4/1 + 5/1 which is 9.

Answer 6

Ans: 9

As x -> - inf,

The denominator will look like x, since -6 and +6 is insignificant in comparison to negative infinity.

So, the expression will become:

(4x/x) + (5x/x) = 4+5 = 9

Answer 7

first element is to remember general shrink regulations do not persist with to purposes coping with infinity.

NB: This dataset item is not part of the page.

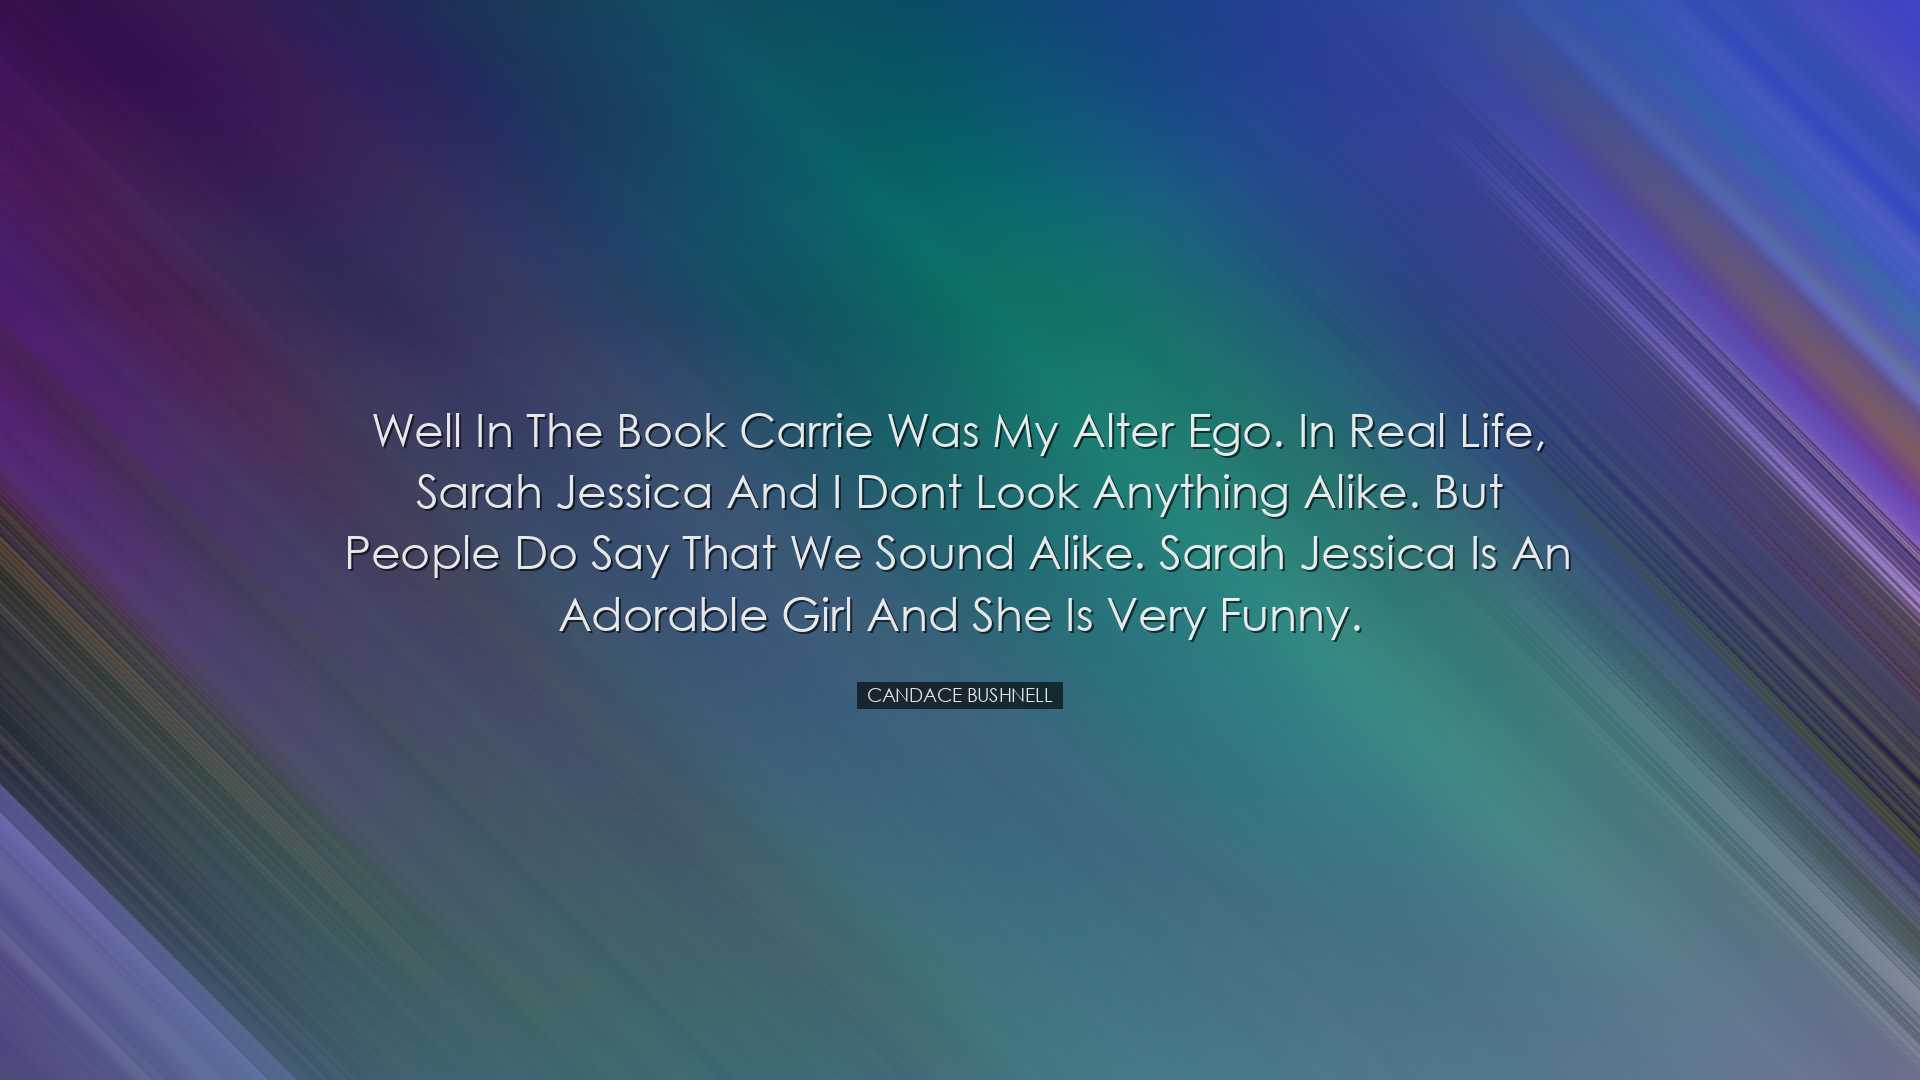 Well in the book Carrie was my alter ego. In real life, Sarah Jess
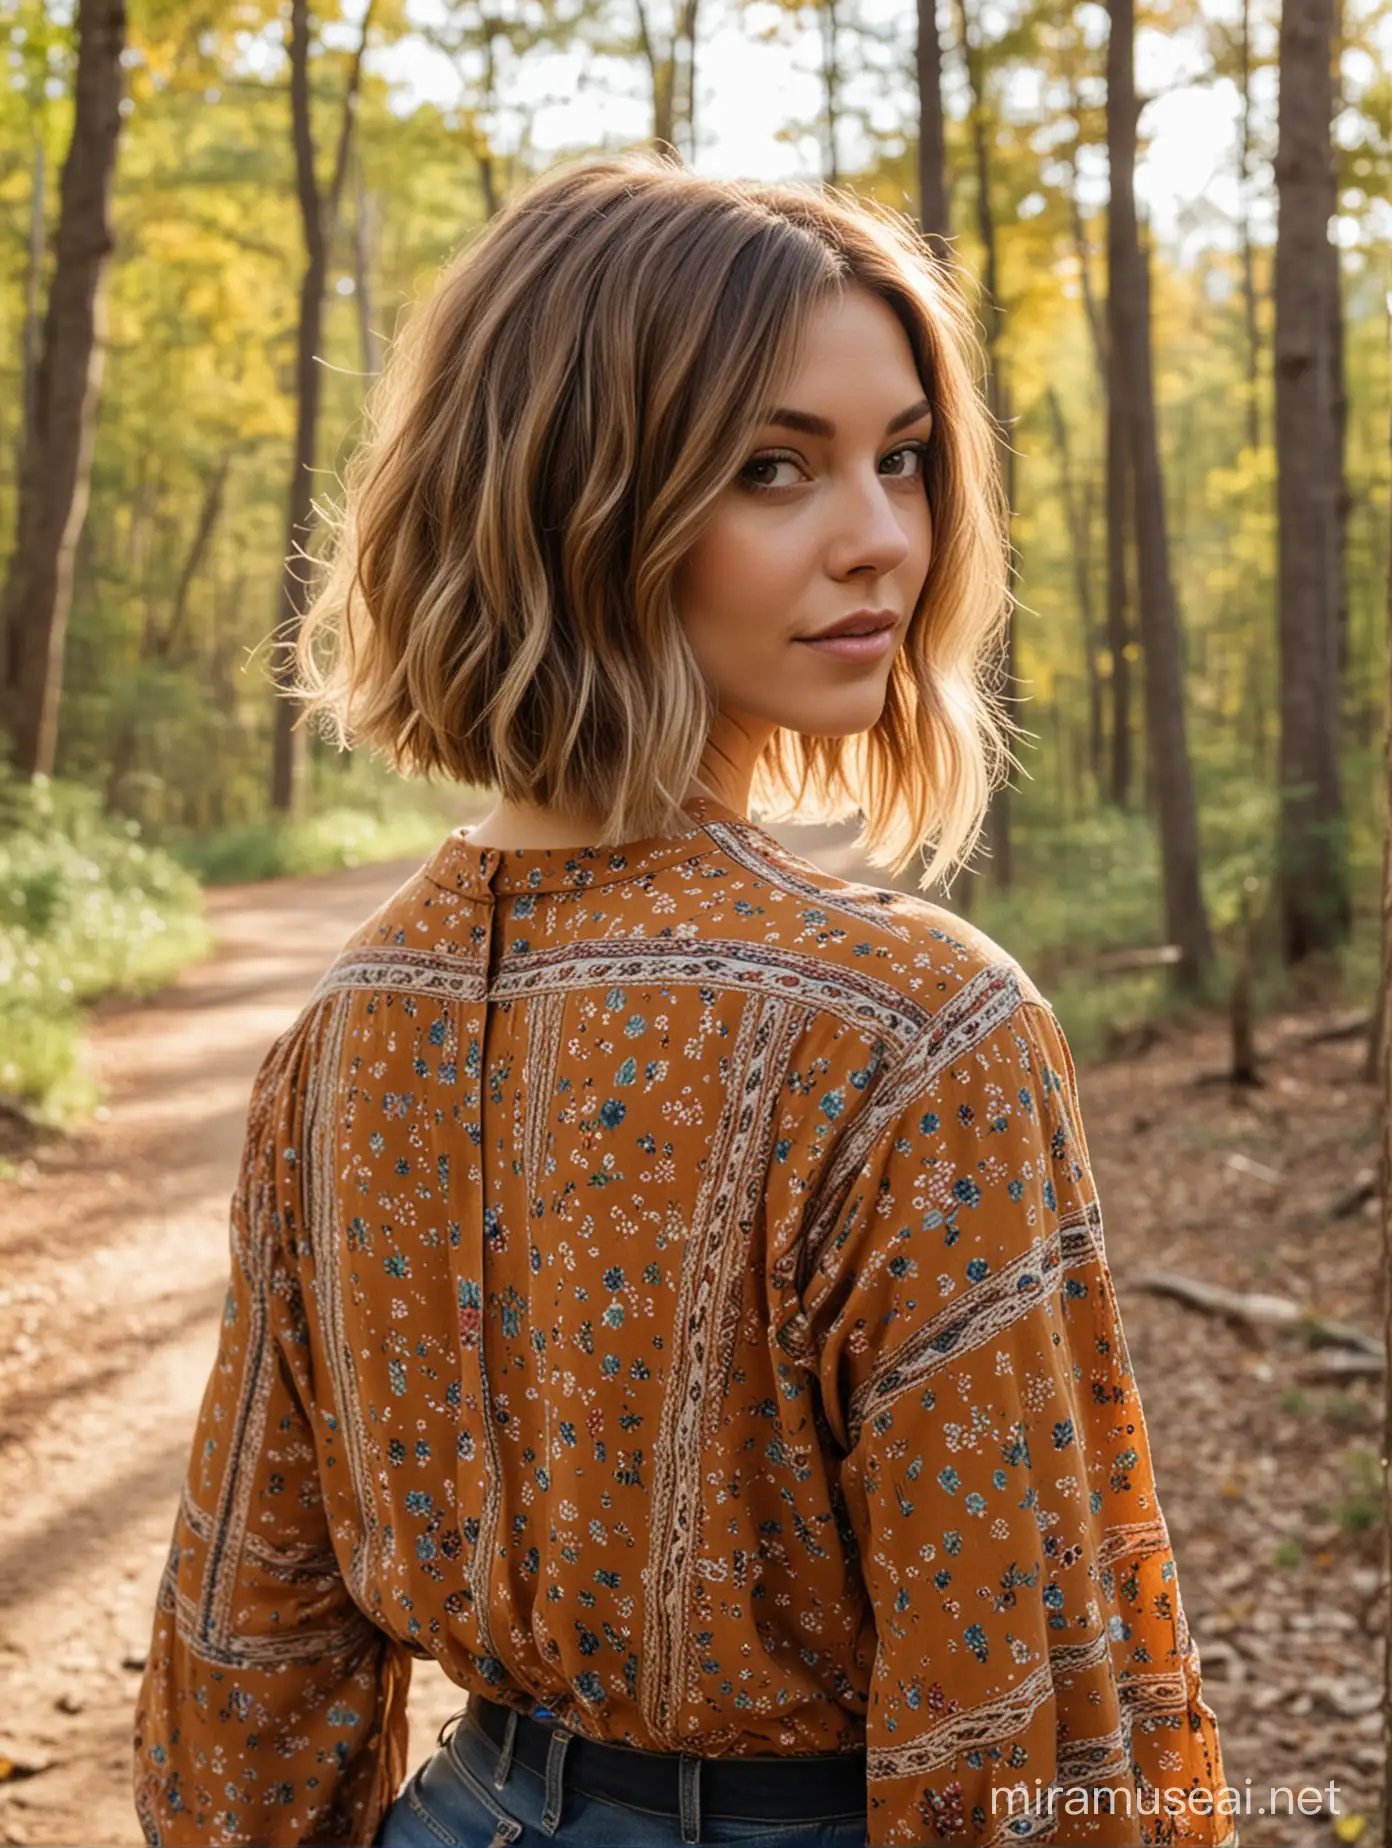 a colorful photo of a country quirky bohemian woman out in the country woods with her back turned to the camera, while she is looking back at the camera. The woman also has light brown hair in a medium cut bob hairstyle.

So what to do then? you desire examine out the function and discover the optimal ability of x. (x^2) Then divide the finished function by potential of the optimal ability So we could get: (a million/x) -------------------- (sixteen/x^2) + a million ok now we are able to cancel out (a million/x) and (sixteen/x^2) with the aid of fact if we plug in an somewhat super destructive extensive variety (ex. -a million billion) for x for (a million/x) we could get -.000000001 which rounds to 0 and we could get an identical answer for (sixteen/x^2). so as that leaves us with: 0/0+a million = 0 which potential as x gets infinitely greater advantageous in a destructive course f(x) gets infinitely closer and closer to 0. the version between this and the previous strategies is the quantity of artwork you are able to teach. some instructors will require you to teach not basically the best judgment however the algebra to boot. examine at the same time with your instructor and notice with technique his or she will settle for. i did not placed the algebra on one among my try to the instructor docked me 2 or 3 factors for the concern.